4. Side-Effect Safety (Pseudocode)

def execute_step_with_effect_safety(run: dict, state: dict, step: dict):
    if not is_side_effecting(step):
        return binding_executor.execute(step)

    idem_key = build_idempotency_key(run, step, state)
    previous = side_effect_ledger.find_by_idempotency_key(idem_key)
    replay_policy = resolve_replay_policy(step)

    if previous and replay_policy == "use_recorded_result":
        emit_event("side_effect.reused", run, state, step=step, effect_id=previous["effect_id"])
        return load_recorded_result(previous)

    if previous and replay_policy == "require_human":
        raise RuntimeNeedsHumanApproval(step_id=step["id"], reason="side_effect_replay")

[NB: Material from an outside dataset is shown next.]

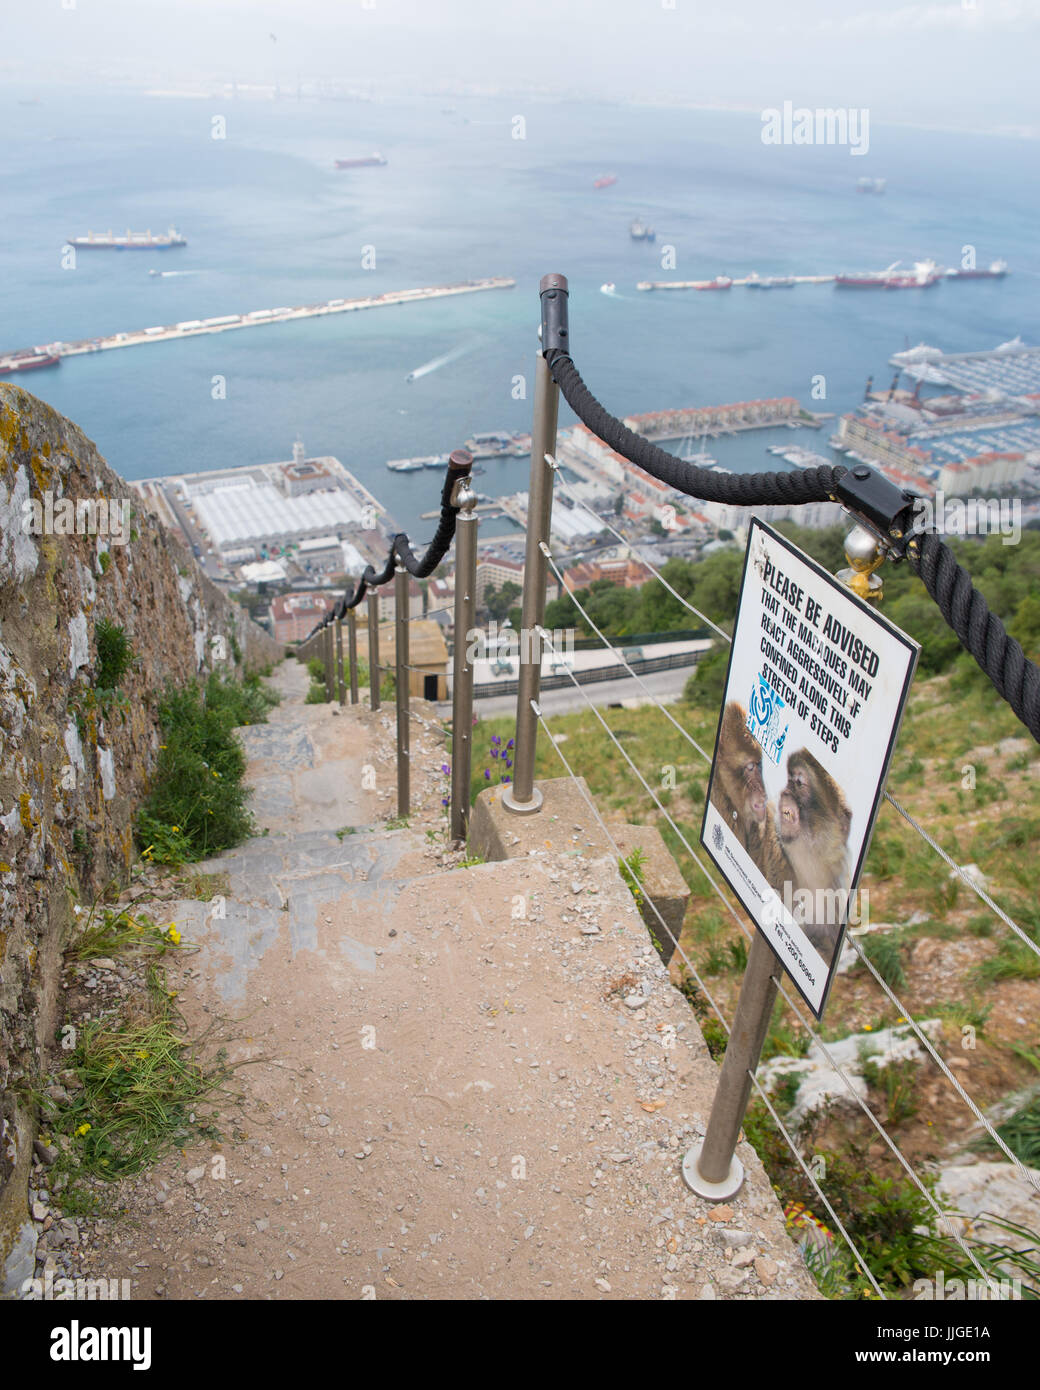 Vue depuis le haut de la roche, à descendre un escalier avec des visiteurs avertissement relatif aux macaques de barbarie sauvage, le rocher de Gibraltar, Banque D'Images

    effect_id = side_effect_ledger.record_attempt(
        {
            "run_id": run["run_id"],
            "step_id": step["id"],
            "idempotency_key": idem_key,
            "request_hash": hash_request(step),
            "replay_policy": replay_policy,
        }
    )

    result = binding_executor.execute(step)
    side_effect_ledger.record_result(effect_id, result)
    emit_event("side_effect.recorded", run, state, step=step, effect_id=effect_id)
    return result

5. Migration Order

  1. Introduce RunStoreV2 as canonical run persistence and wrap existing run_store calls as compatibility shims.
  2. Introduce CheckpointManager around existing checkpoint serializer and enforce boundary policy.
  3. Add state-machine enforcement and waiting_for_human status as canonical lifecycle behavior.
  4. Add SideEffectLedger and idempotency policy evaluation in canonical execution path.
  5. Add runtime APIs for resume/replay/fork/approve/deny and route them to canonical core.
  6. Add EventStore canonical events and treat log events as projections.
  7. Perform hard cutover to canonical async core.
  8. Retire legacy execution path, legacy run model, and legacy-only event semantics.

6. Adopted Architectural Decisions

  1. Async core is canonical target architecture.
  2. Legacy /v1/skills/{id}/execute/async compatibility exists only during migration window.
  3. use_recorded_result is default replay policy for external_action side effects.
  4. EventStore is canonical truth; observability logs are projections.
  5. Checkpoint serialization remains backward compatible via versioned upgrades.
  6. Legacy components are retired after cutover gates in RFC-0006.

7. Exit Criteria for Design Phase

Design phase is complete when:

  1. RFC-0001 to RFC-0005 are accepted for implementation.
  2. Implementation slicing and cutover gates are agreed.
  3. Legacy retirement matrix (RFC-0006) is accepted.